Niestrawność! ma wzdęty brzuch.Przeżarła się.A może najadła zbyt mokrego.
Wlał jej jakąś miksturę do pyska.Koza zatrzęsła bródką.Brrrrrr!
Musi odpocząć do jutra -zawyrokował pan doktor.
Ale jak wytłumaczyć to kozie? Ona ciągle skubie,przeżuwa…
Koza poszła do obórki.Czekamy do jutra.
Nazajutrz wieczorem przychodzi Sąsiadka z…wielkim słojem koziego mleka.Niech żyje koza!

Śniadanie na trawie.
Wyczekane ciepło i słońce.Bez tego nie mogło się udać.
Późne delektowanie się tym,co pyszne i proste.Ser.Zioła.Oliwa.

Ziołowe kozie serki

serek I
trzy łyżki posiekanego :tymianku,szałwii i mięty

serek II
trzy łyżki posiekanego: rozmarynu,majeranku,natki pietruszki

kolorowy pieprz
oliwa z trawą cytrynową i pieprzem
ząbek czosnku – ewentualnie
ocet balsamiczny sherry

Serki  kozie,własnej roboty – tu przepis lub kupne obtoczyć w ziołach i w kolorowym pieprzu utartym w moździerzu.Ułożyć w naczyniach i delikatnie zalać oliwą.Można dodać roztarty ząbek czosnku.Skropić octem balsamicznym.Odstawić na noc w chłodne miejsce – spiżarnia,górna półka lodówki.

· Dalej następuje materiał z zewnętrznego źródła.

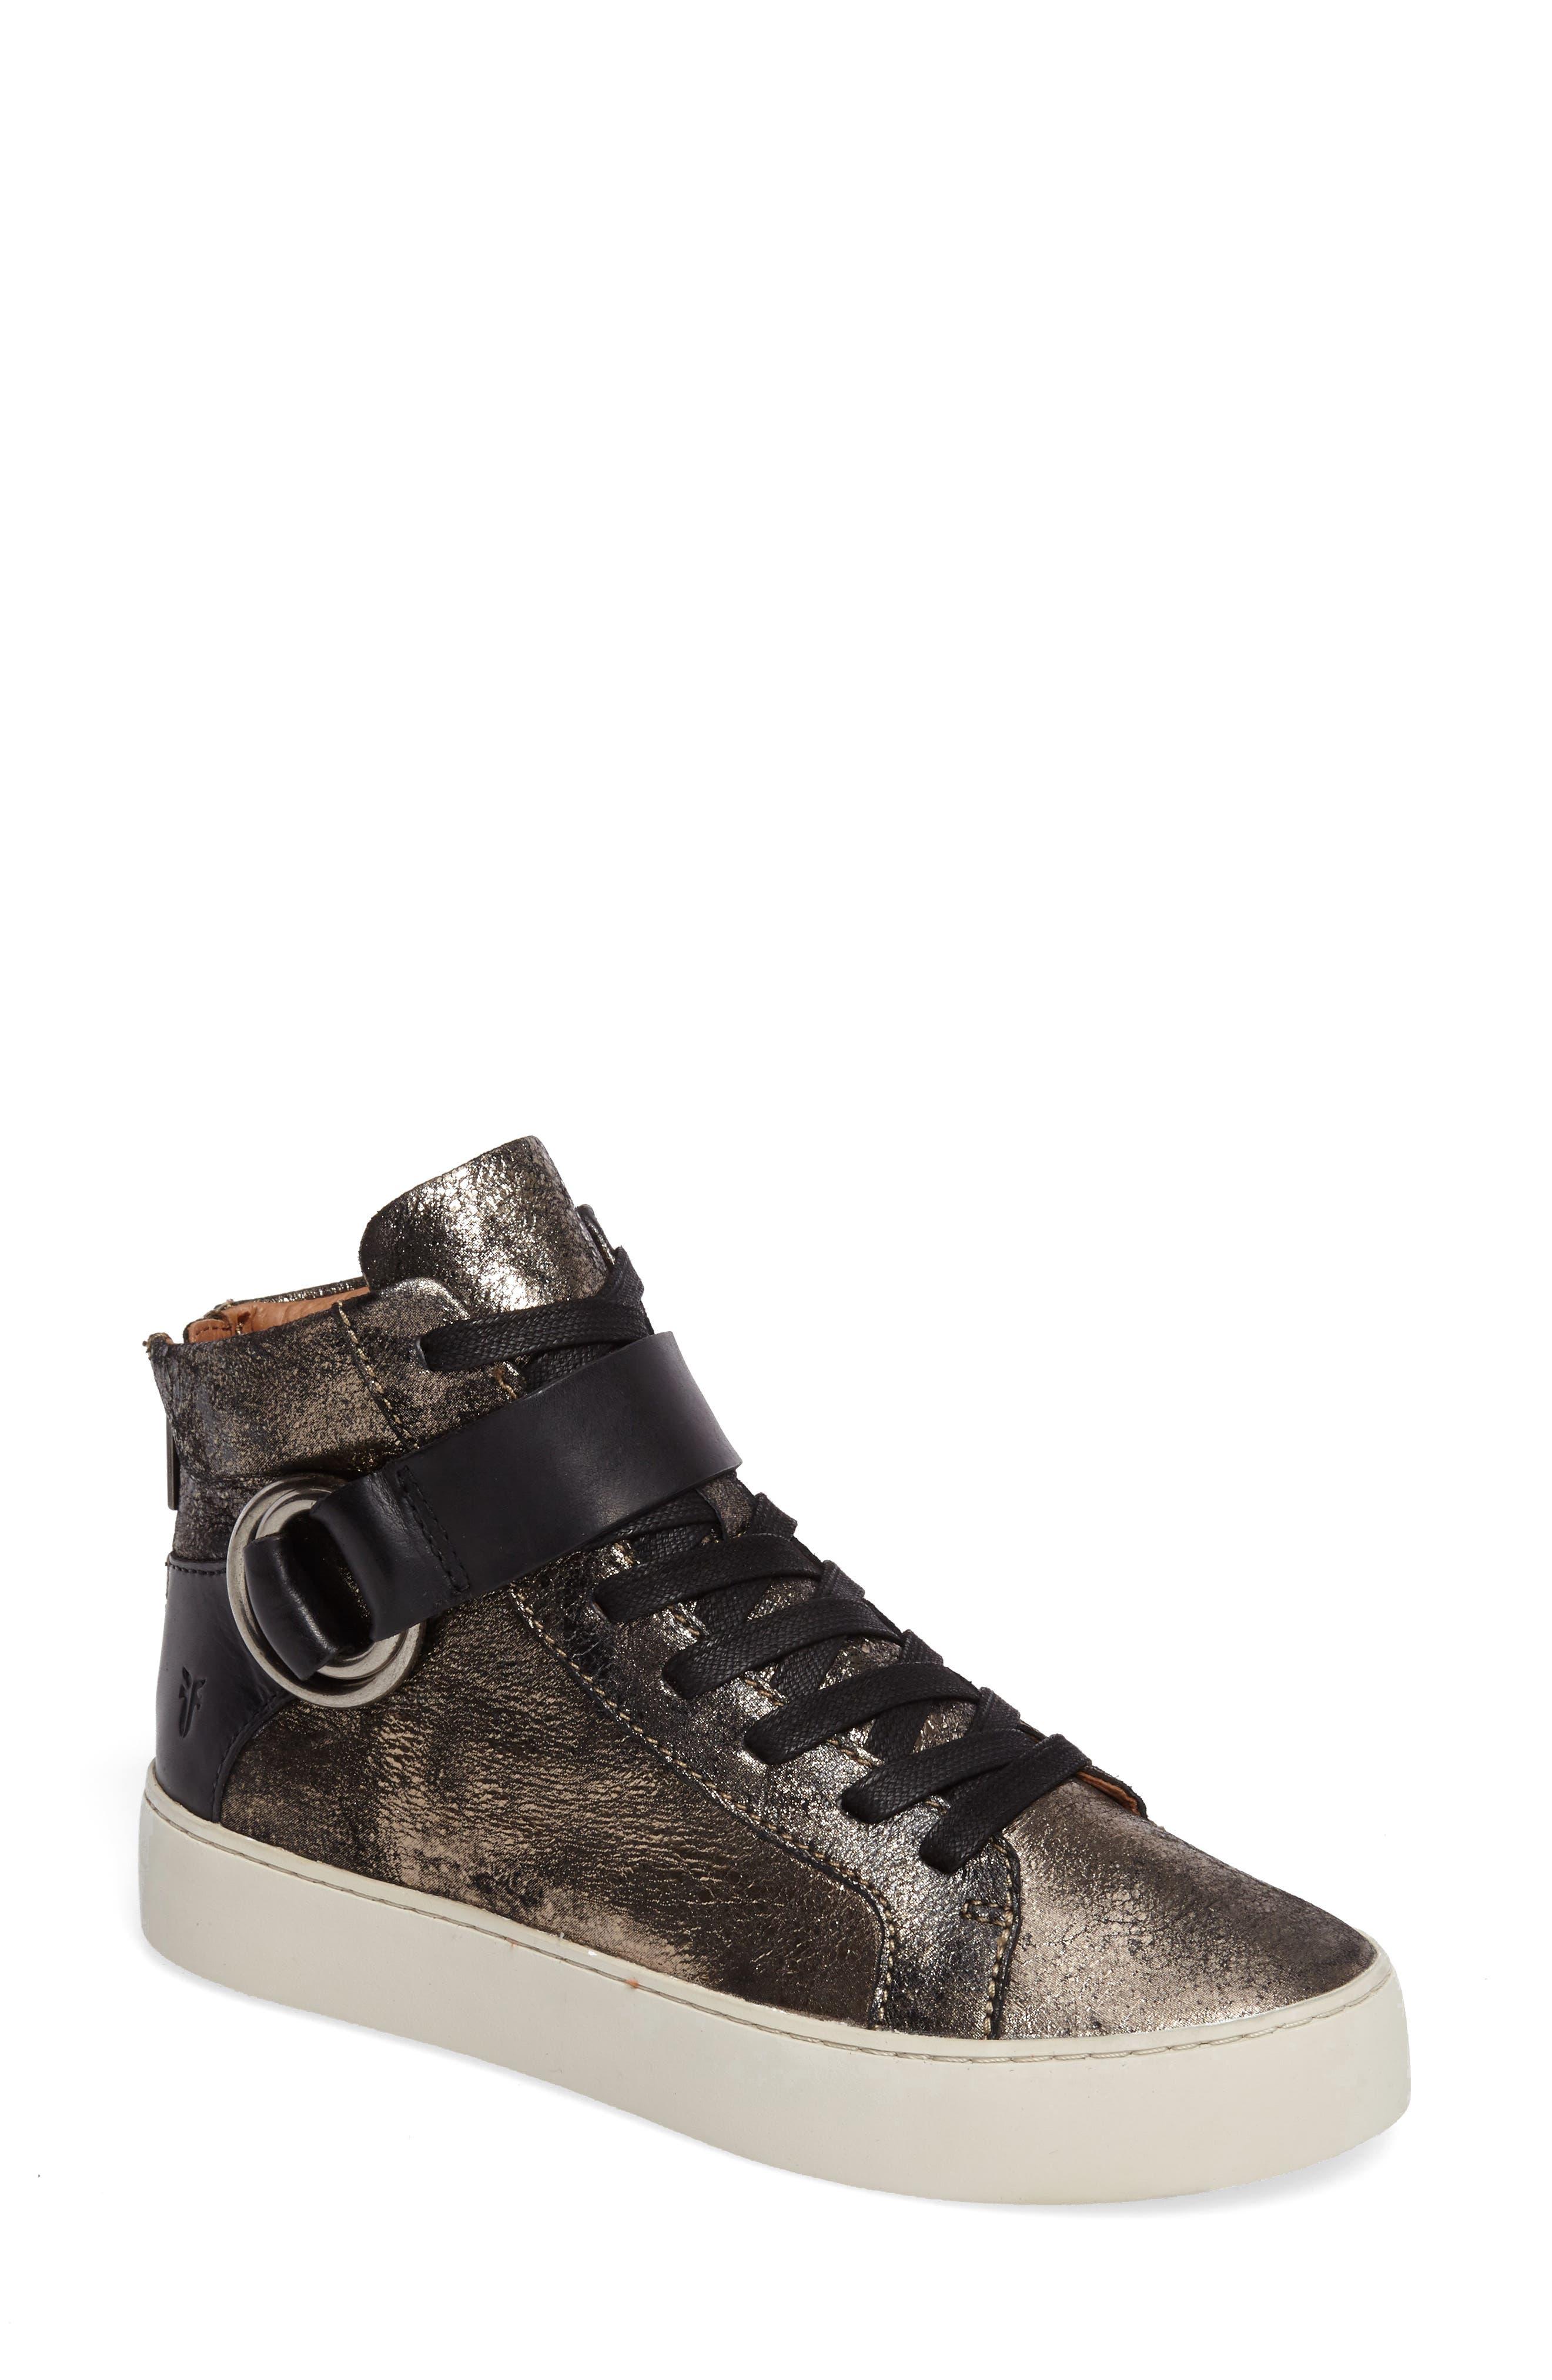 Alternate Image 1 Selected - Frye Lena Harness High Top Sneaker (Women)

Oliwa z trawą cytrynową i kolorowym pieprzem

Do szklanej butelki wsypać ziarenka kolorowego pieprzu,włożyć świeżą trawę cytrynową i zalać oliwą.Odstawić do maceracji na tydzień.

Proste smaki.Ulubione pieczywo.Letnie śniadanie.

Trzy szklaneczki dla Anny-Marii.Śniadanie w TU i TAM.

TU i TAM.Dwie kuchnie,dwa wirtualne światy ,duża odległość i wiele wspólnego.
Kulinarna pasja,radość gotowania,smakowania i tworzenia.
 Tak w skrócie można określić powody,które są impulsem naszych kulinarnych spotkań jednocześnie w obu kuchniach.Na jeden temat,choć po swojemu- u Anny-Marii w Kucharni, i u mnie – w Kuchennymi drzwiami.
  Dziewiąty raz  stanęłyśmy w gotowości,aby wspólnie bawić się w sercach naszych domów i  tym razem przygotować śniadanie.Temat wybrała Anna-Maria, a ja z radością go podjęłam.Z radością tym większą,że to śniadanie szczególne,bo Anna-Maria przygotowała je dla mnie, a ja dla Niej.
Zapraszamy!

Długo nie mogła się zdecydować,co tym razem będziemy gotowały.Kiedy padła propozycja:śniadanie,od razu byłam na tak.Bo śniadania należą do moich ulubionych posiłków. Powolne,przyjemne i niespieszne.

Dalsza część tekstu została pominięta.